While this song is encouraging, speaking of God who commands the stars to sing, holds the raging seas from breaking through the doors, and tends roses, there seems to be a hint of sadness. There is the God who owns everything, takes care of everything, while there is the fragile human spirit who is grasping so tightly to the things that was really never hers to hold.

Letting go is something I’ve always had a problem with. I’m the human whose happiness always seems to depend on whether I get what I think I want. Or whether I get to keep the things that I hold so dear.

Even my hurts. There is a certain comfort to holding a familiar hurt and nursing it through many weeks or months of brooding. There’s a certain feeling one gets from twisting the knife in again and again… and it’s so easy to get used to the pain to the point where when we’re given a chance to give up the pain, it’s unthinkable and so we turn it down. I turned down the chance many times because I’d lived with the pain so long that I couldn’t think of living without it. So I thought about it day after day. I dreamed about it at night… and I really didn’t want to let it go even though it hurt so much.

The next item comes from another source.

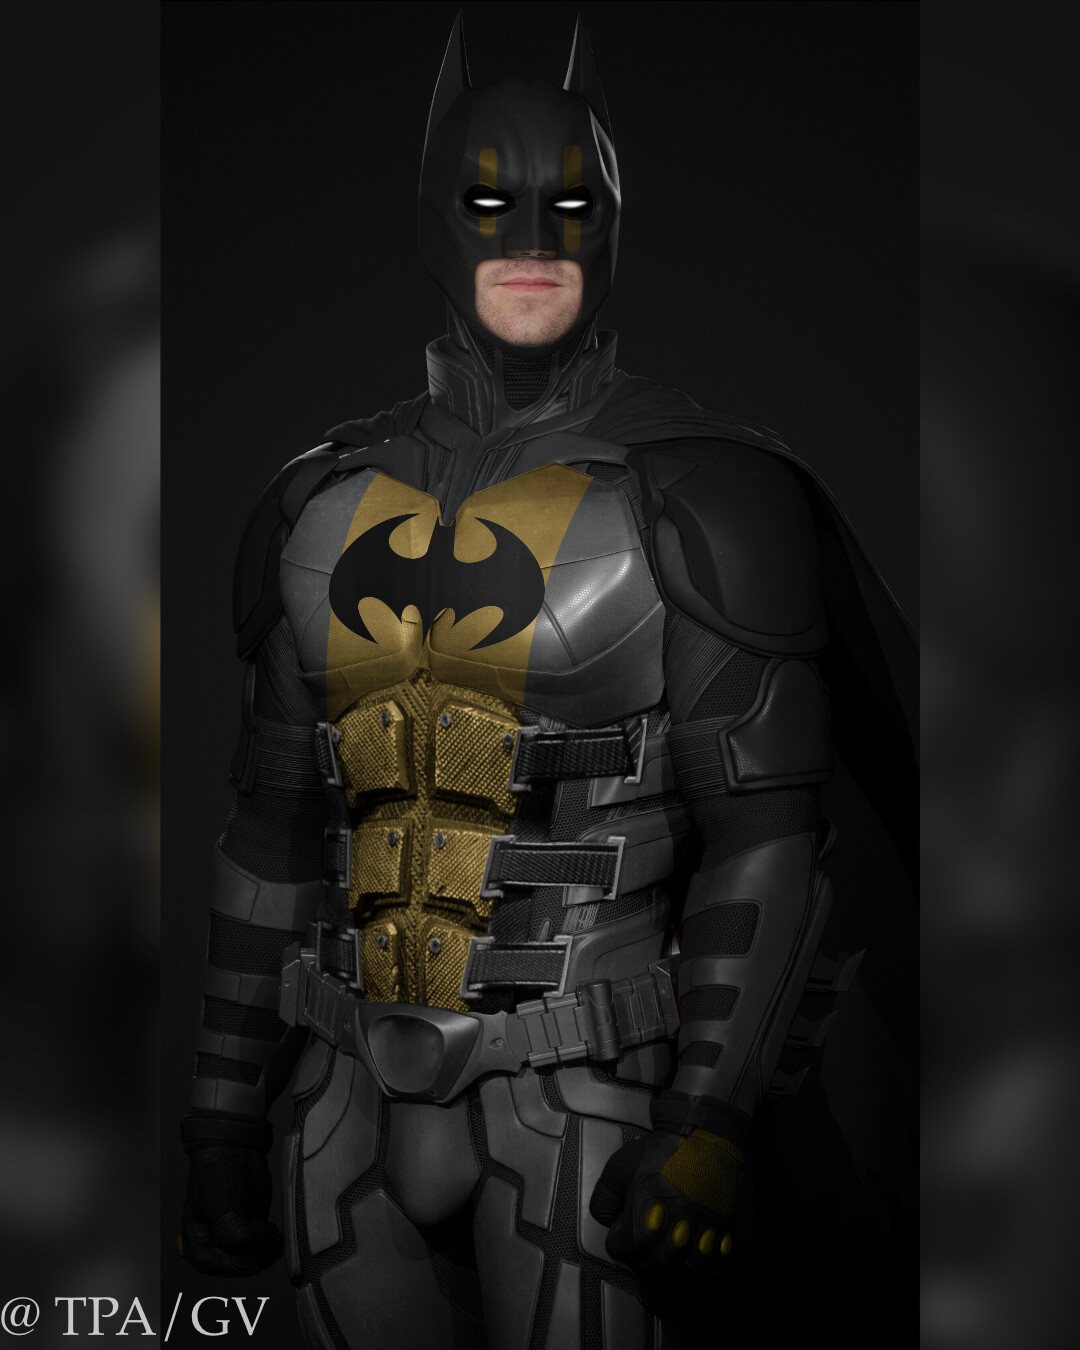 ArtStation - Armie Hammer as Batman
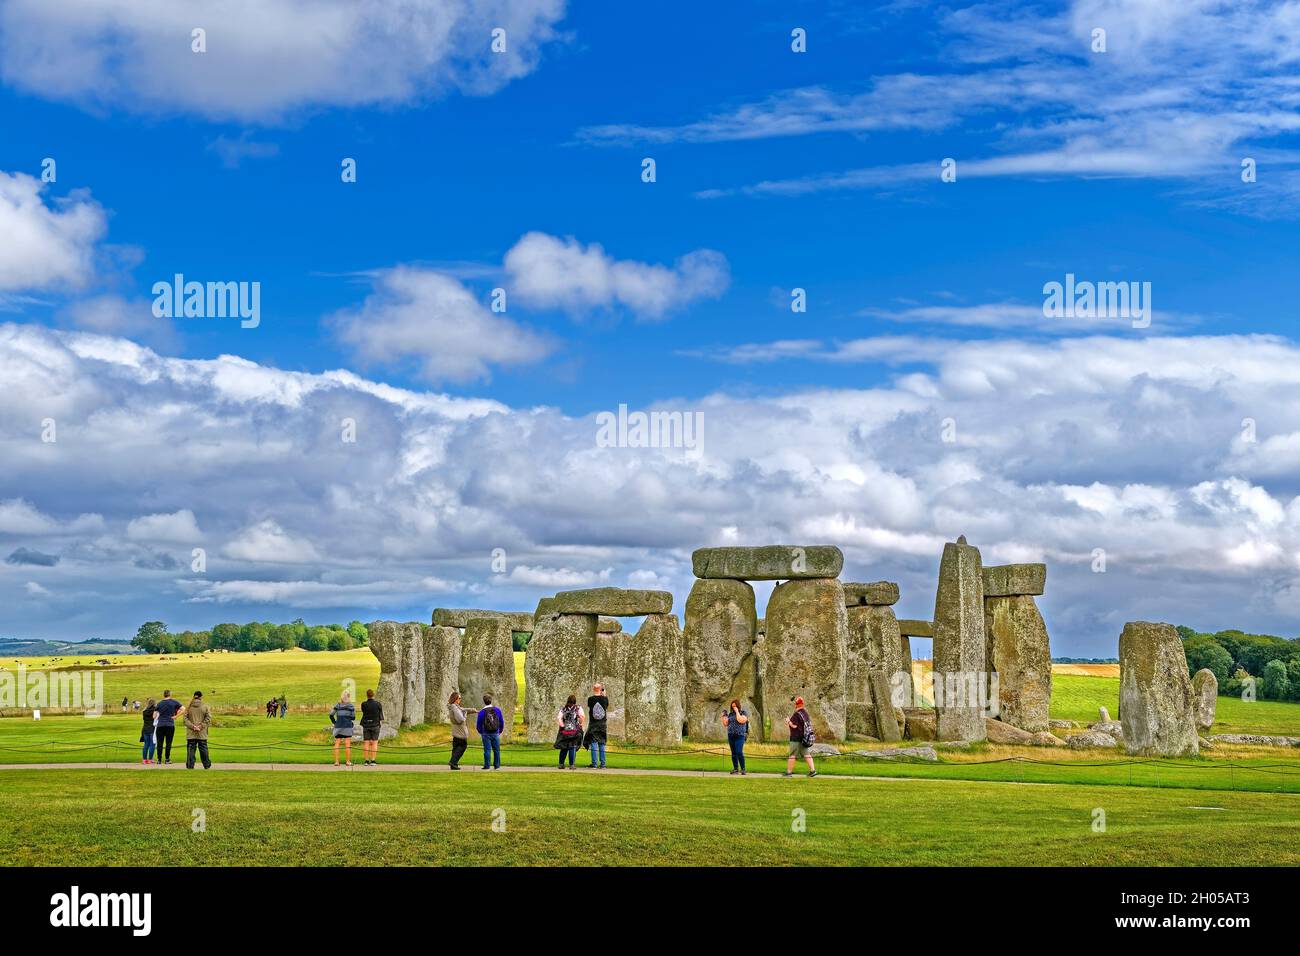 Stonehenge Stone Circle on Salisbury Plain near Amesbury in Wiltshire, England. Stock Photo

It’s interesting that even pain can be so dear… I didn’t want to relinquish it even though I had no claim on it.

I eventually was forced to let it go. Circumstances called for it and I found that it wasn’t as difficult letting go as I thought. But even now I still struggle with the thought that the life I live is not totally my own.

It’s Your sacred heart within me beating, Your voice within me calling out…

There is a certain irony to all this.

We are so unwilling to let go of the things that we could do very well without. Please don’t take it away, it’s mine, I’ve lived with it so long I don’t think I could do without it. If you take it away I will be lost… if you take him away I don’t think my heart can beat the same way… You have no right to take it away. Those thoughts fill us, consume our small fragile hearts, and meanwhile we do our best to hang on to a shred of something that we think is solidarity but is no better than the shadow world we live in.

Meanwhile, the things we so desperately need are the things we are so hesitant about reaching out and taking hold of.

But we are offered the chance to let go of all those things because God wants us to experience so much more of what he has for us. He wants us to grow beyond our pain and learn things like trust and humility and faith. He doesn’t want us to focus on all the reality of our hurts but reach for the unknown beauty of the eternal.

He wants us to be whole again.

And there are always comfort for our pain. We need that, too.

Enjoy the spring sunshine and the warmth outside!

ps: i think the lyrics in the vid might be incorrect. I’ve put up in the beginning of this post what I believe are the correct lyrics. Meanwhile, Audrey Assad’s LP comes out in June. Buy it. I’m going to.